Reproduce the line with "FAUNA MARIN - Flat Control 250 ml" and everything after it in the listing below, exactly, both ends included. No pictures.
===== THE INPUT
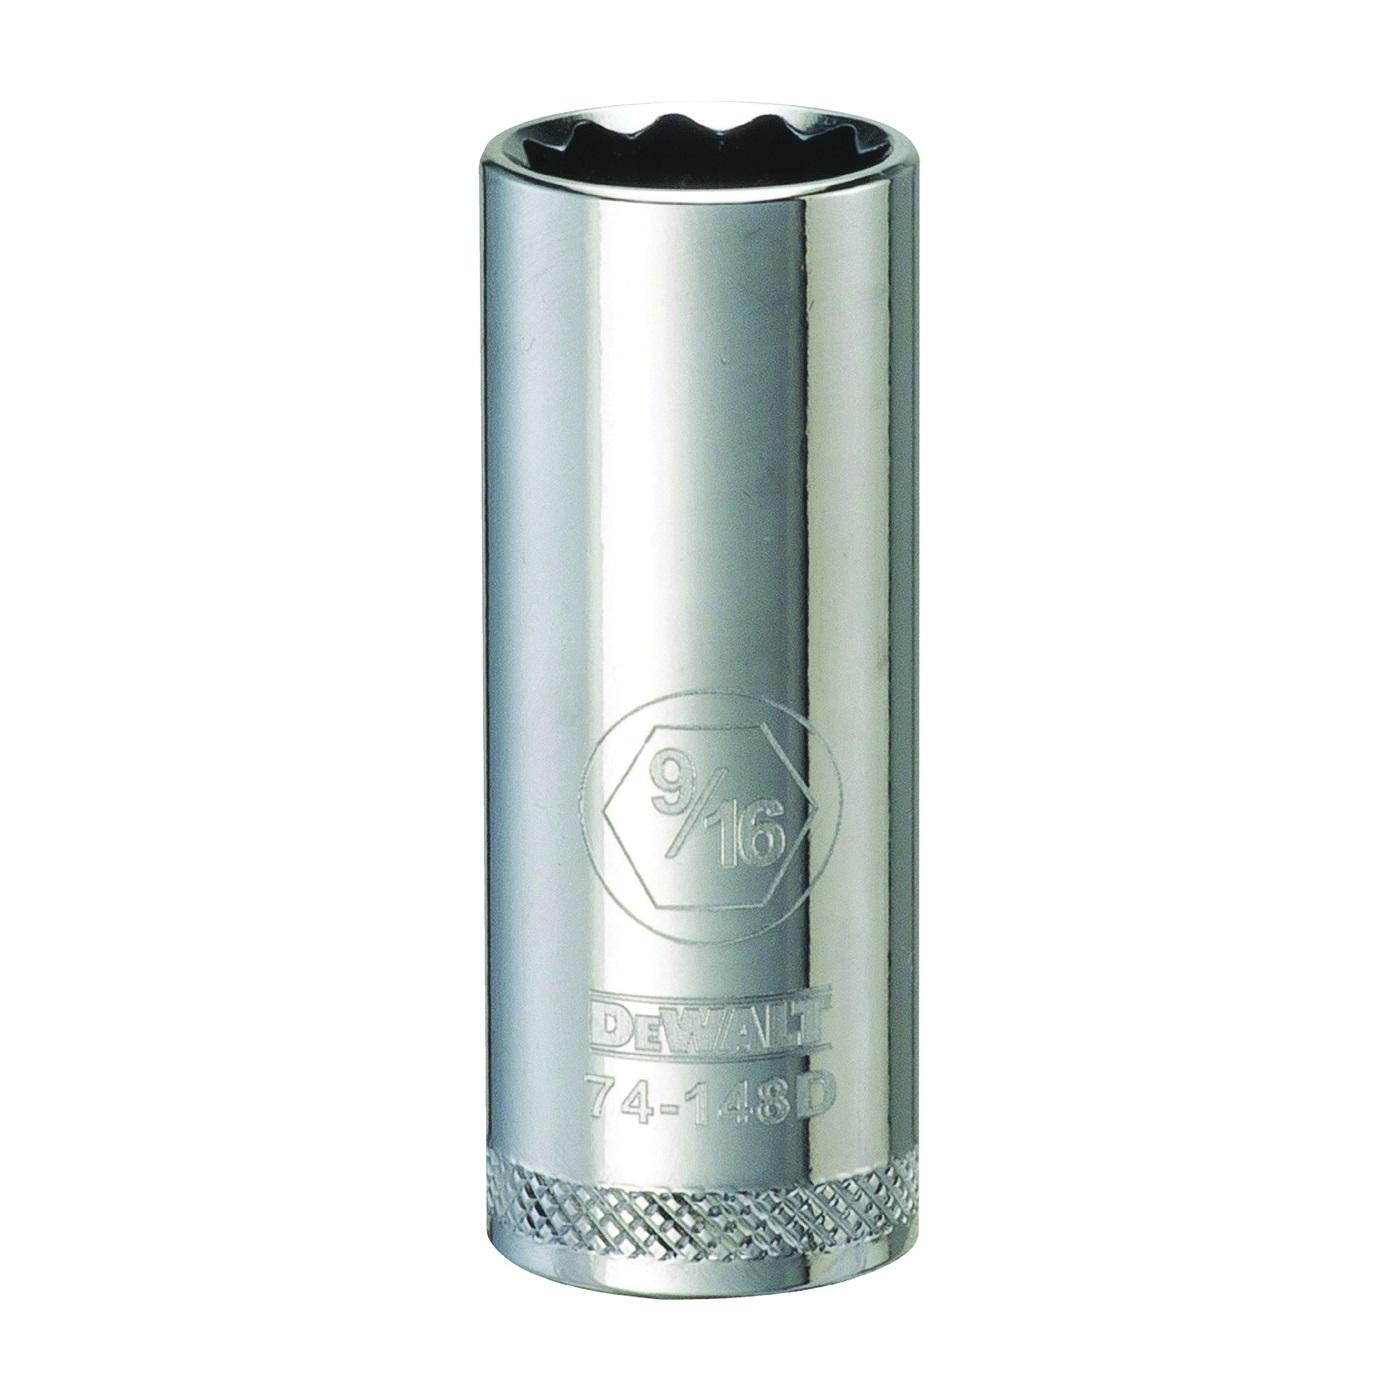 Picture of DeWALT DWMT74148OSP Drive Socket, 9/16 in Socket, 3/8 in Drive, 12 -Point, Vanadium Steel, Polished Chrome
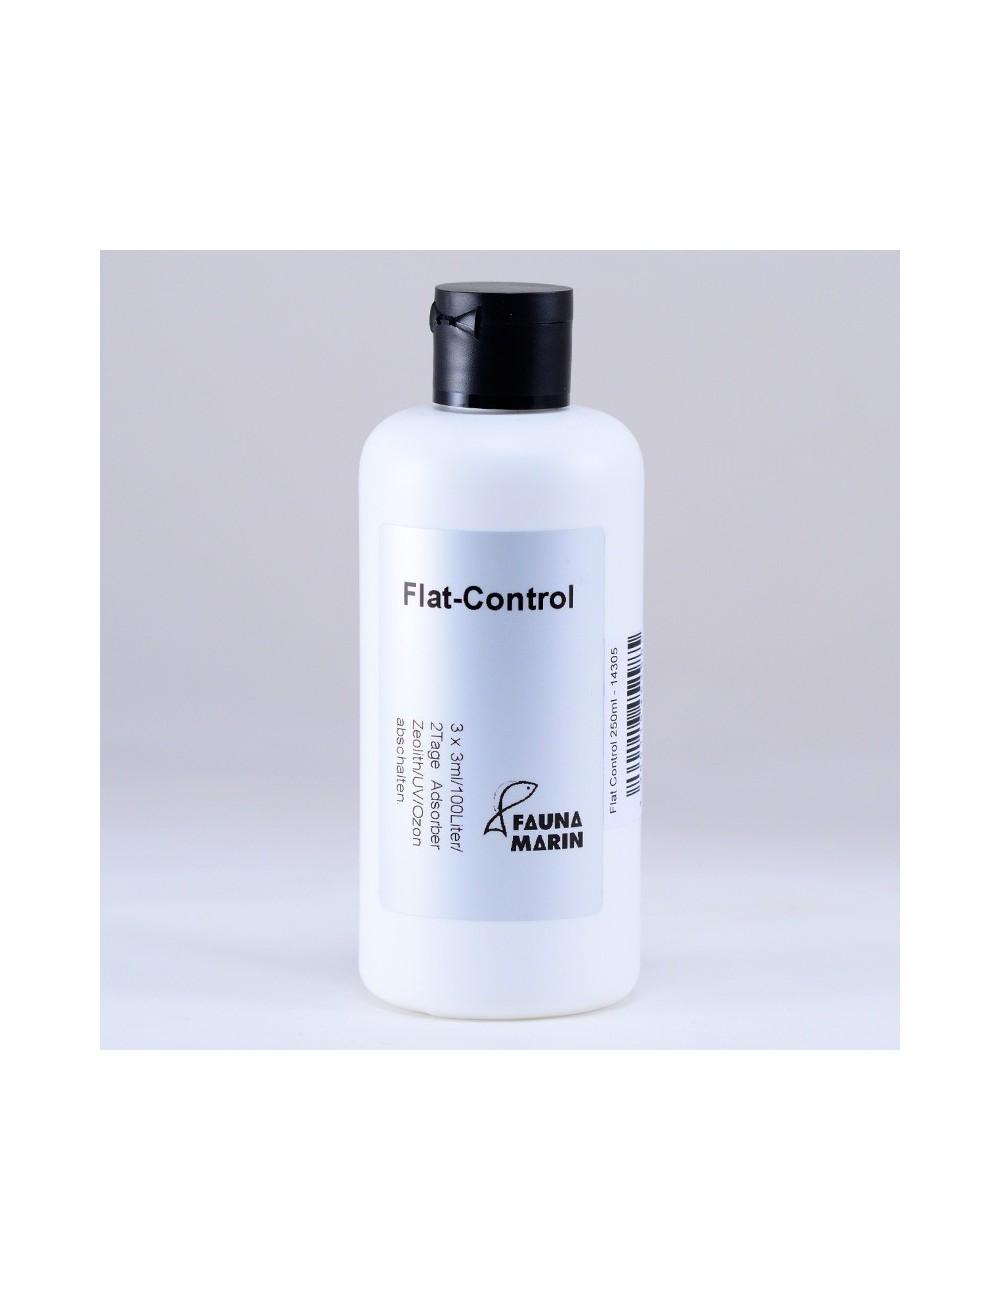 FAUNA MARIN - Flat Control 250 ml
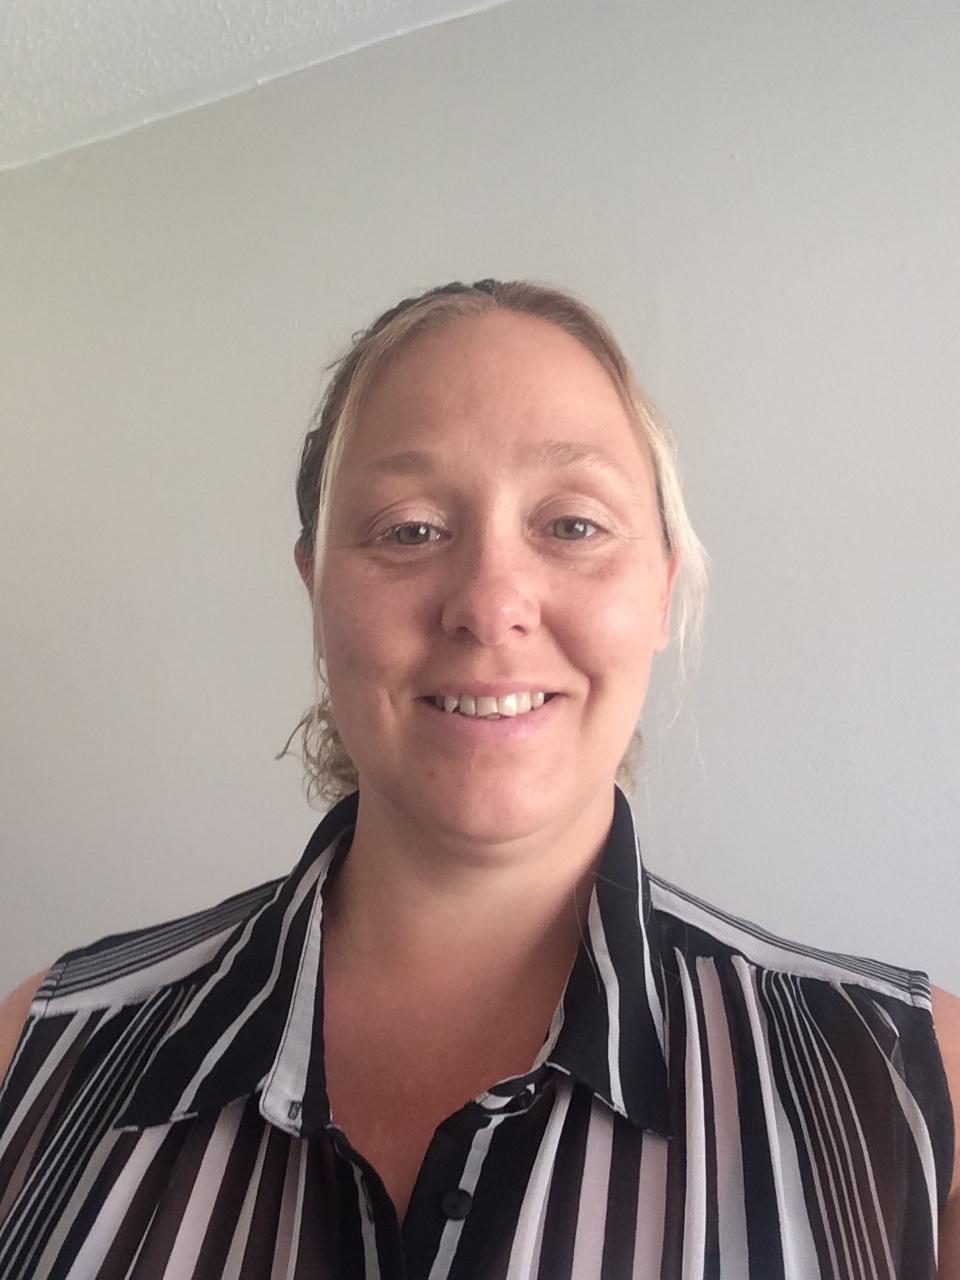 Cheryl Martin, Ashdown Nursery Manager
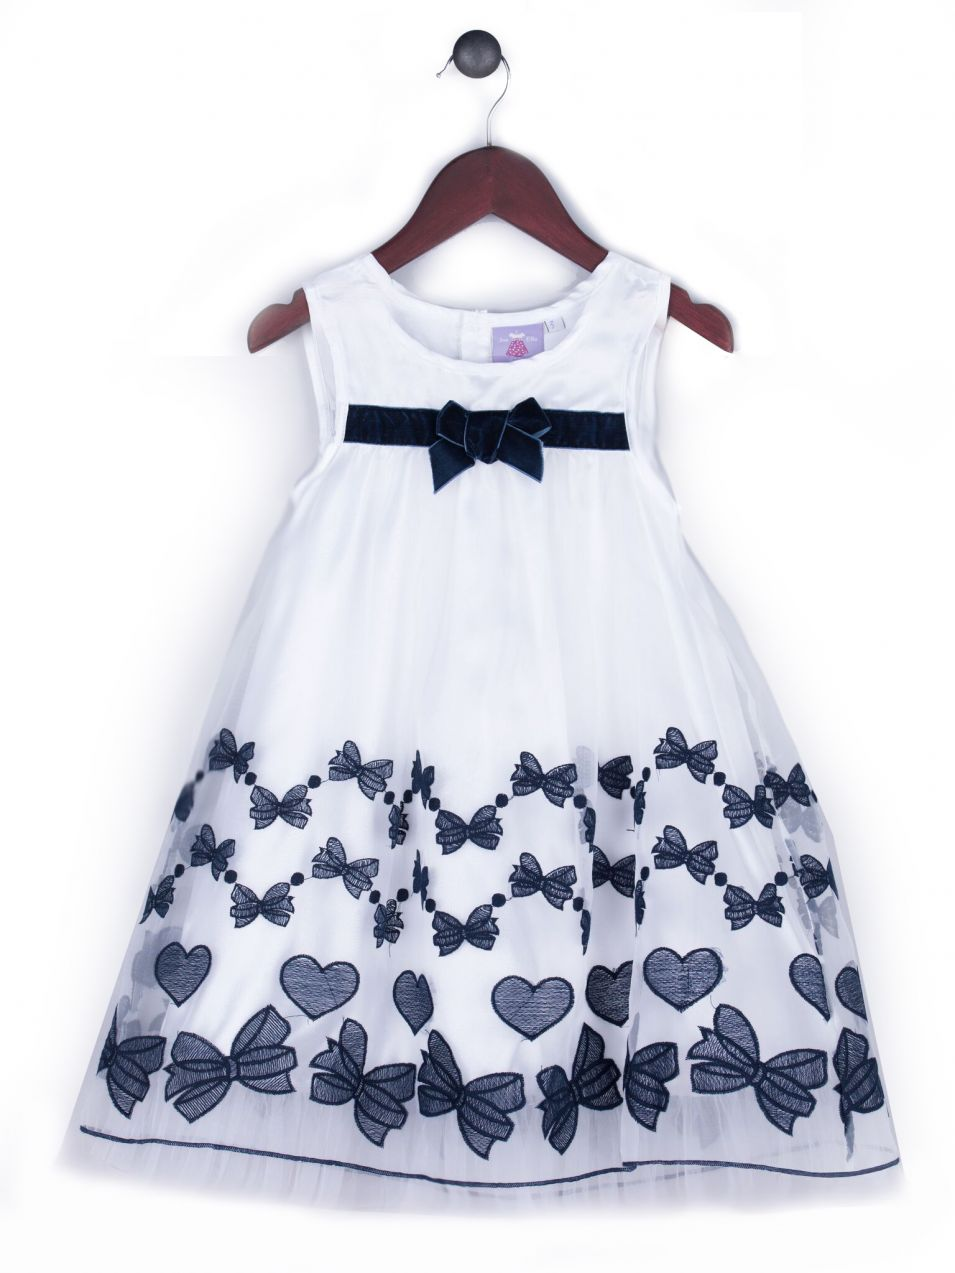 Joe and Ella Fashion Dievčenské šaty Adelle s mašličkami - bielo-čierne d953baf80b9
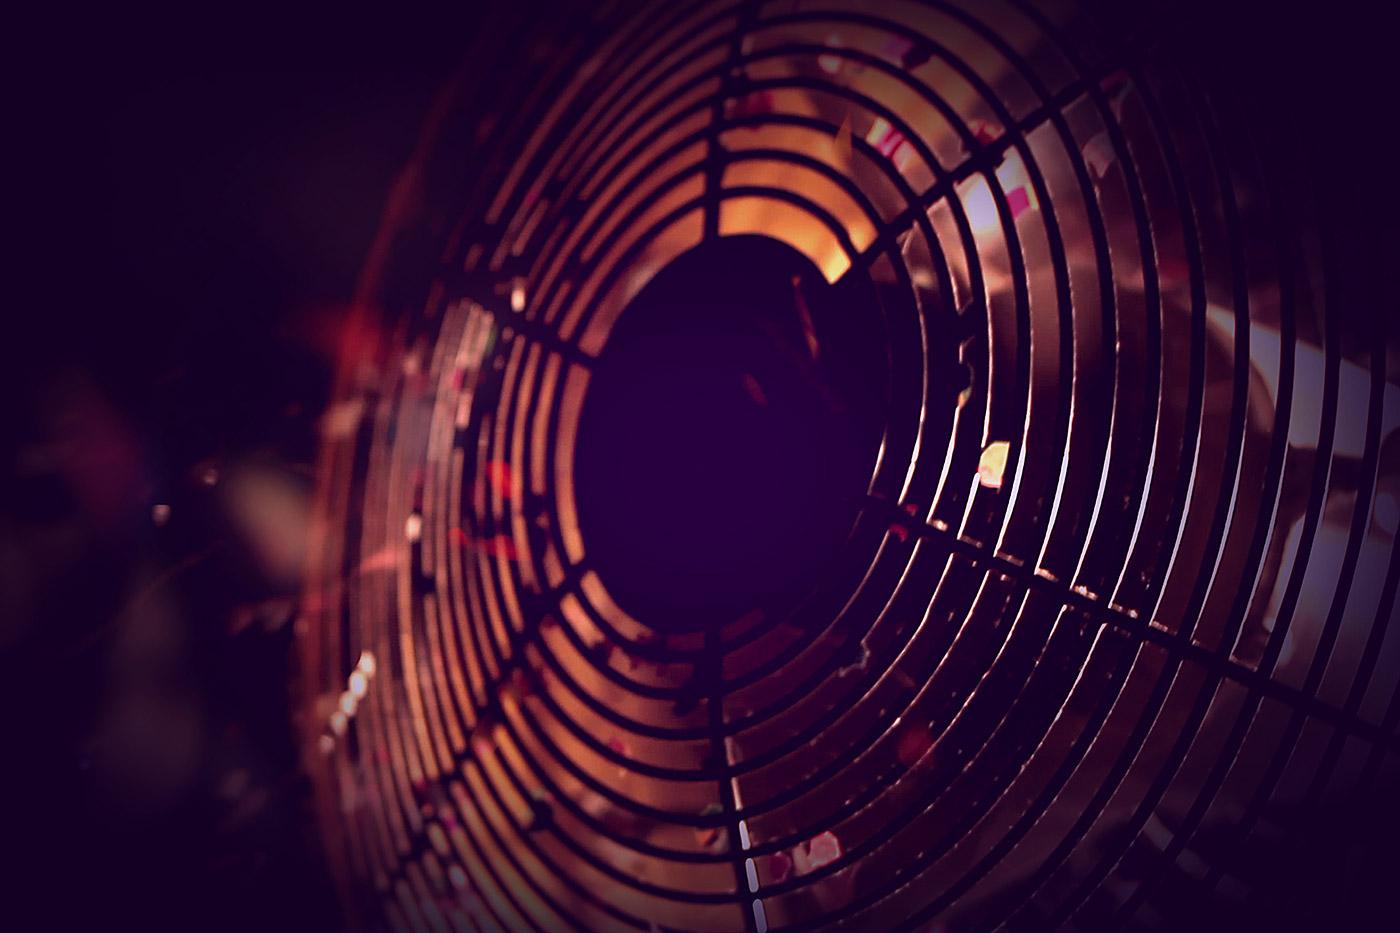 swing-vr-virtual-reality-turbo-boost-wind-machine_confetti
==========
**WRITTEN SOLUTION**.
 FAUNA MARIN - Flat Control 250 ml
 Cheryl Martin, Ashdown Nursery Manager
 Joe and Ella Fashion Dievčenské šaty Adelle s mašličkami - bielo-čierne d953baf80b9
 swing-vr-virtual-reality-turbo-boost-wind-machine_confetti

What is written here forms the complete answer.